Analytical framework
Analyses were performed in R (R Core Team 2018). Prior to model testing, we performed transformations of continuous data to improve normality of model residuals (details in Appendix S2). FST was transformed using Tukey’s ladder of powers transformation (Tukey, 1970) with the function transformTukey from the R package rcompanion (Mangiafico, 2018). Continuous predictors were transformed using their natural logarithm. We also estimated correlations (Plackett, 1983) and evaluated multicollinearity issues (Acock & Stavig, 1979; Fox & Monette, 1992) among predictor variables (Appendix S3). The multicollinearity tests indicated that all predictors could be included together in a multiple regression (Table S2 and Table S3).
In order to calculate and subsequently perform models that correct for phylogenetic signal (Freckleton, Harvey, & Pagel, 2002), a species-level phylogeny (Fig.
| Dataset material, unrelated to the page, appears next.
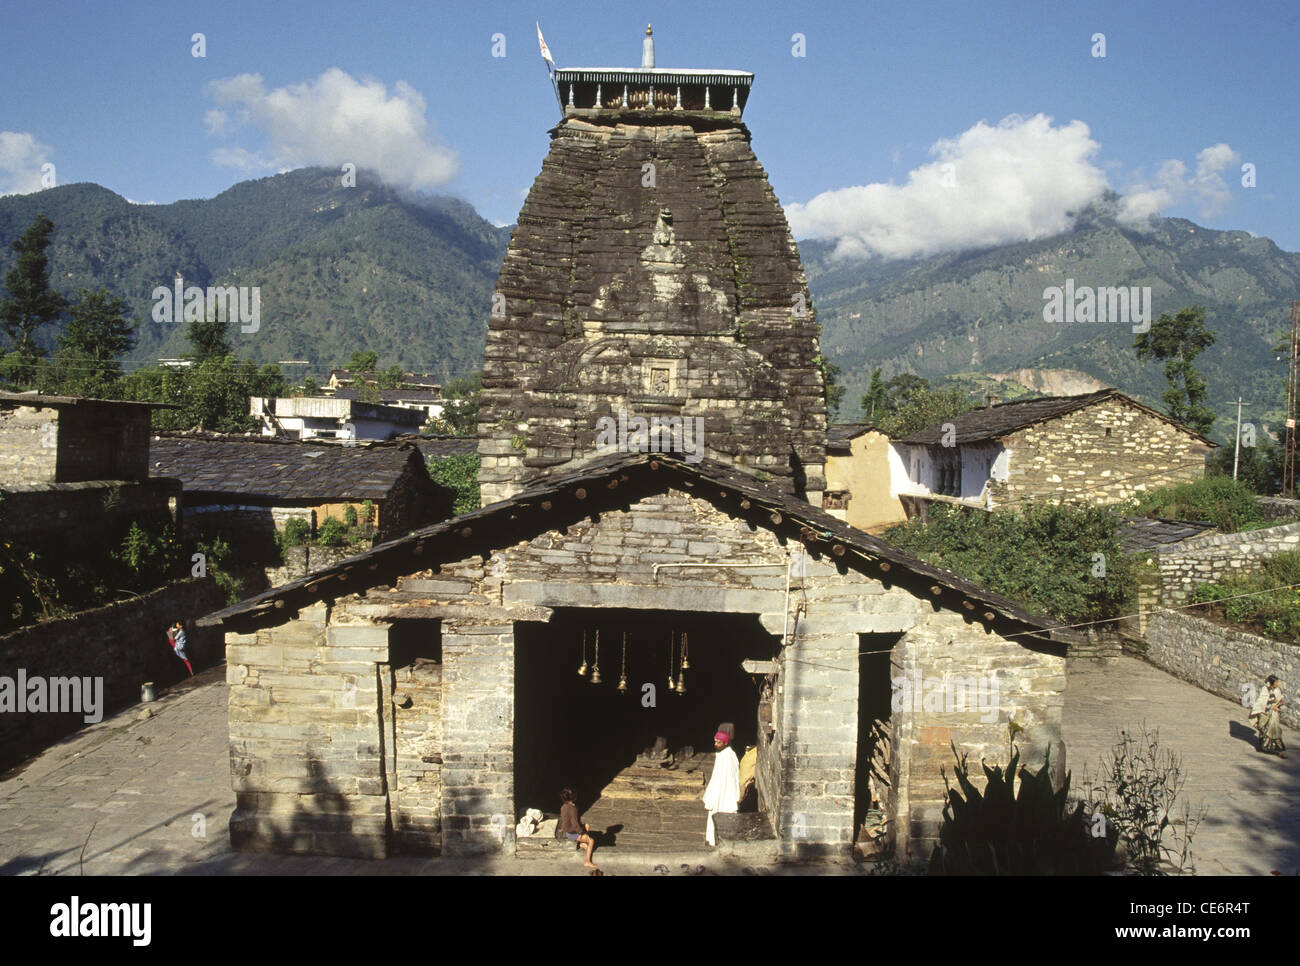 Gopinath temple ; Shiva temples ; Gopeshwar ; district de Chamoli ; uttarakhand ; uttarakhand ; inde ; asie Banque D'Images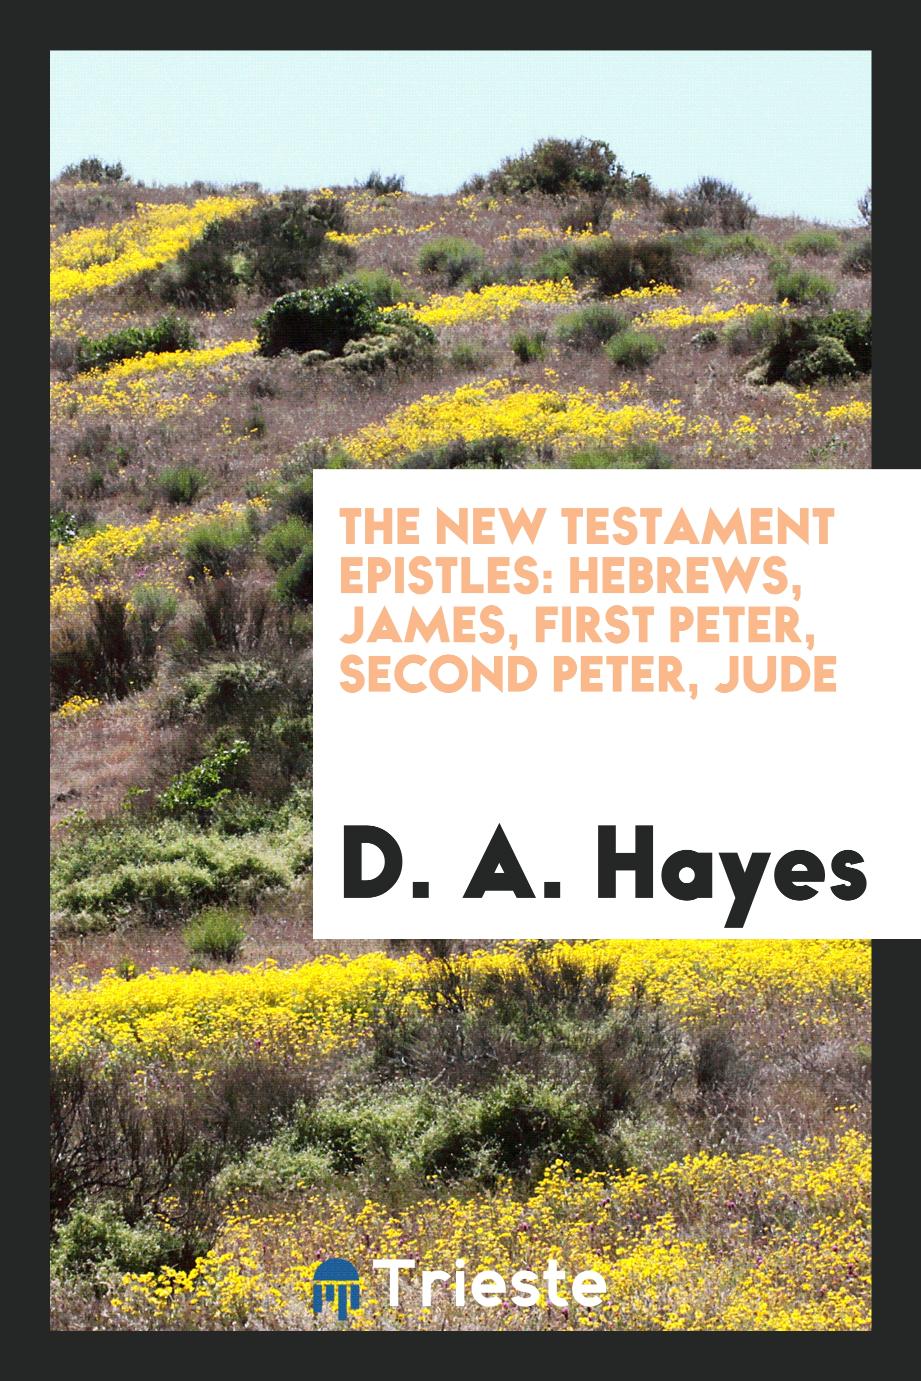 The New Testament epistles: Hebrews, James, First Peter, Second Peter, Jude

S1) was produced with the R package V.PhyloMaker (Jin & Qian, 2019). This package prunes a custom list of species from the latest and most complete mega-tree of vascular plants (Smith & Brown, 2018) (see Appendix S4 for details). We then assessed phylogenetic signal in categorical predictors with Abouheif’s (1999) method (Jombart, Balloux, & Dray, 2010; Pavoine, Ollier, Pontier, & Chessel, 2008), and in FST values with Pagel’s (1999) λ (Molina-Venegas & Rodríguez, 2017; Revell, 2012) (Appendix S5). We found that closely related species tend to be more similar than expected by chance in their mating system, growth form, pollination mode, seed dispersal mode, latitudinal region and FST. The highest observed Moran’s I was that of growth form, followed by pollination mode, latitudinal region, seed dispersal mode, and lastly mating system (Fig. S2). FST values were also phylogenetically autocorrelated (Pagel’s λ=0.52, P<0.001 and Pagel’s λ=0.53, P<0.001 for raw and transformed FST values, respectively). Given the high levels of phylogenetic signal, we implemented phylogenetically informed multiple regressions (Symonds & Blomberg, 2014) with the function ‘phylolm’ from the R package phylolm (Ho & Ané, 2014). For the fit of models, the likelihood of the parameters was calculated with a Brownian motion model of evolution (Ho & Ané, 2014) (Appendix S6).
Finally, for the categorical predictors with more than two levels we chose reference levels based on exploratory analyses with phylogenetic ANOVA and post-hoc tests (Garland, Dickerman, Janis, & Jones, 1993; Revell, 2012). We selected the level which mean was most different from that of other levels (Tables S4 and S5). Reference levels were as follow: trees for growth form, small insects for pollination mode, gravity for dispersal mode, and temperate for latitudinal region.